Using sed to extract lines in a text file

If you write bash scripts a lot, you are bound to run into a situation where you want to extract some lines from a file. Yesterday, I needed to extract the first line of a file, say named somefile.txt.

$ cat somefile.txt
Line 1
Line 2
Line 3
Line 4

This specific task can be easily done with this:

$ head -1 somefile.txt
Line 1

For a more complicated task, like extract the second to third lines of a file. head is inadequate.

So, let's try extracting lines using sed: the stream editor.

My first attempt uses the p sed command (for print):

$ sed 1p somefile.txt
Line 1
Line 1
Line 2
Line 3
Line 4

Note that it prints the whole file, with the first line printed twice.
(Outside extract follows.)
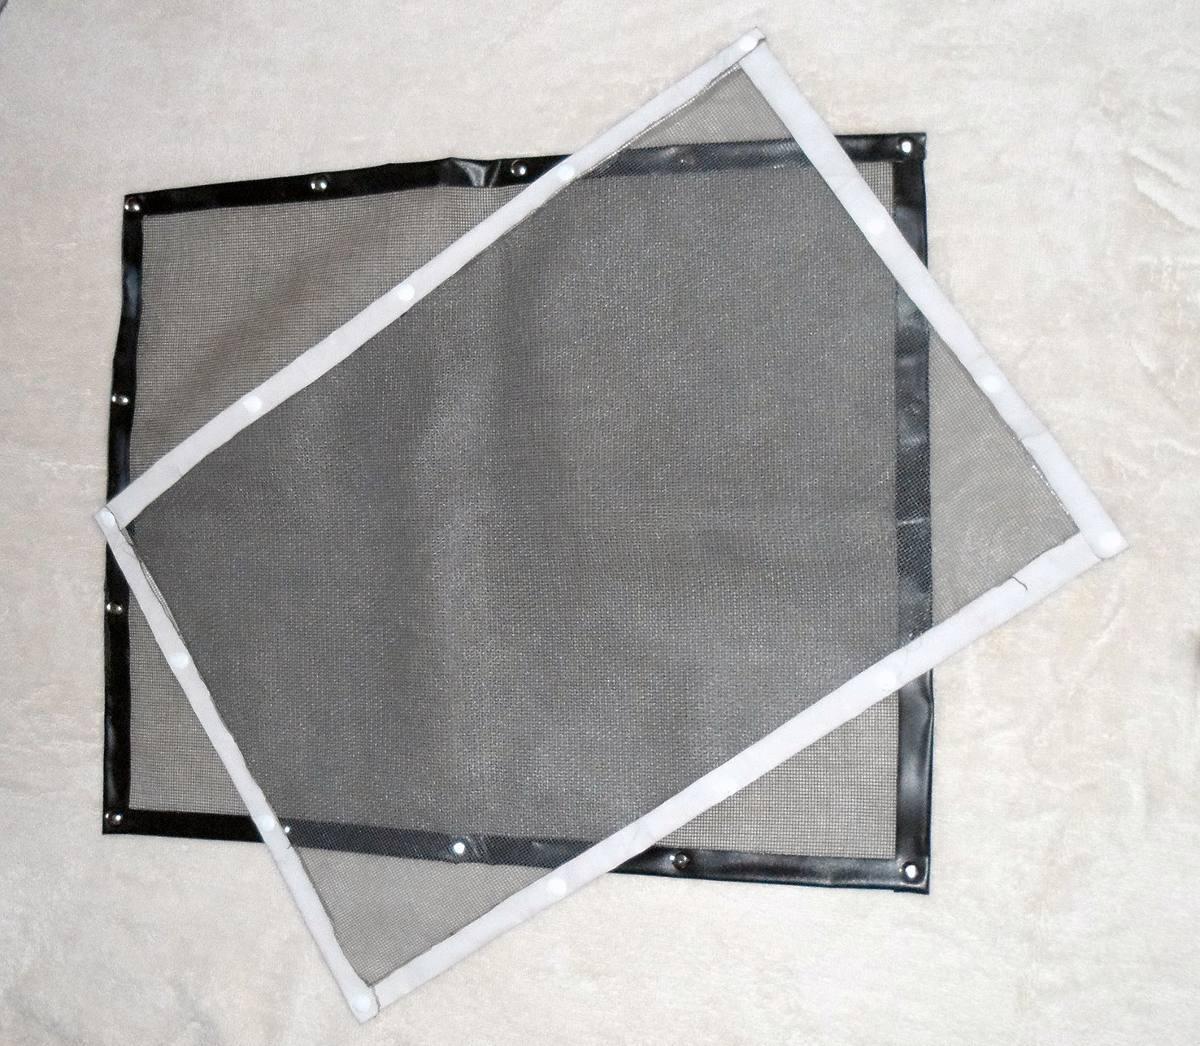 mosquiteros adheribles para ventanas o puertas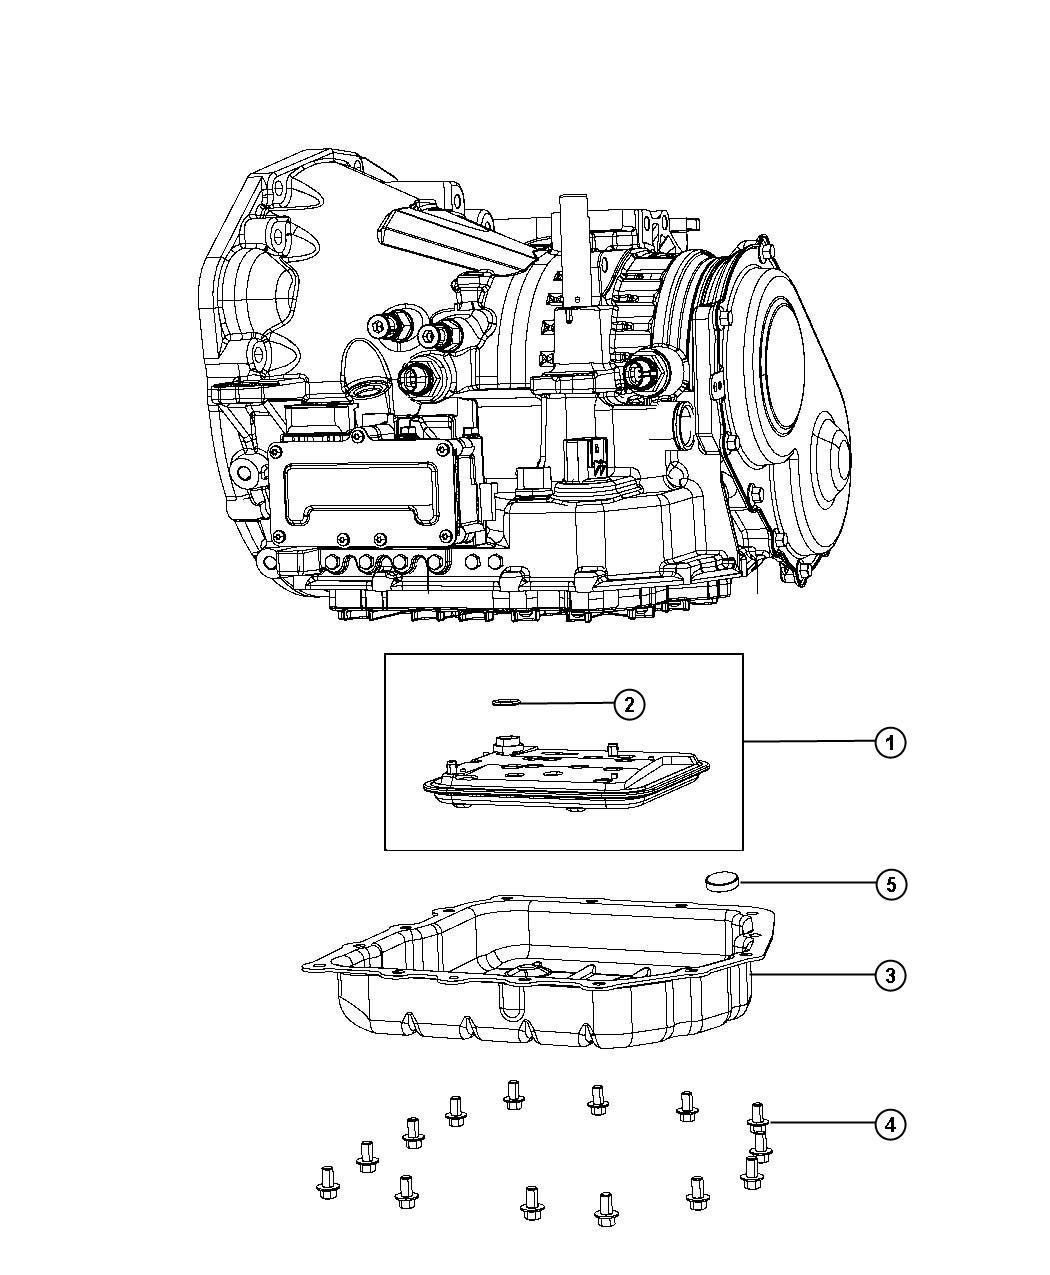 2008 Dodge Avenger SXT 2.4L 4 Cyl A/T Filter kit, filter

Why? The default output behavior is to print every line of the input file stream. The explicit 1p command just tells it to print the first line .... again.

To fix it, you need to suppress the default output (using -n), making explicit prints the only way to print to default output.

$ sed -n 1p somefile.txt
Line 1

Alternatively, you can tell sed to delete all but the first line.

$ sed '1!d' somefile.txt
Line 1

'1!d' means if a line is not(!) the first line, delete.

Note that the single quotes are necessary. Otherwise, the !d will bring back the last command you executed that starts with the letter d.

To extract a range of lines, say lines 2 to 4, you can execute either of the following:

$ sed -n 2,4p somefile.txt
$ sed '2,4!d' somefile.txt

Note that the comma specifies a range (from the line before the comma to the line after). What if the lines you want to extract are not in sequence, say lines 1 to 2, and line 4?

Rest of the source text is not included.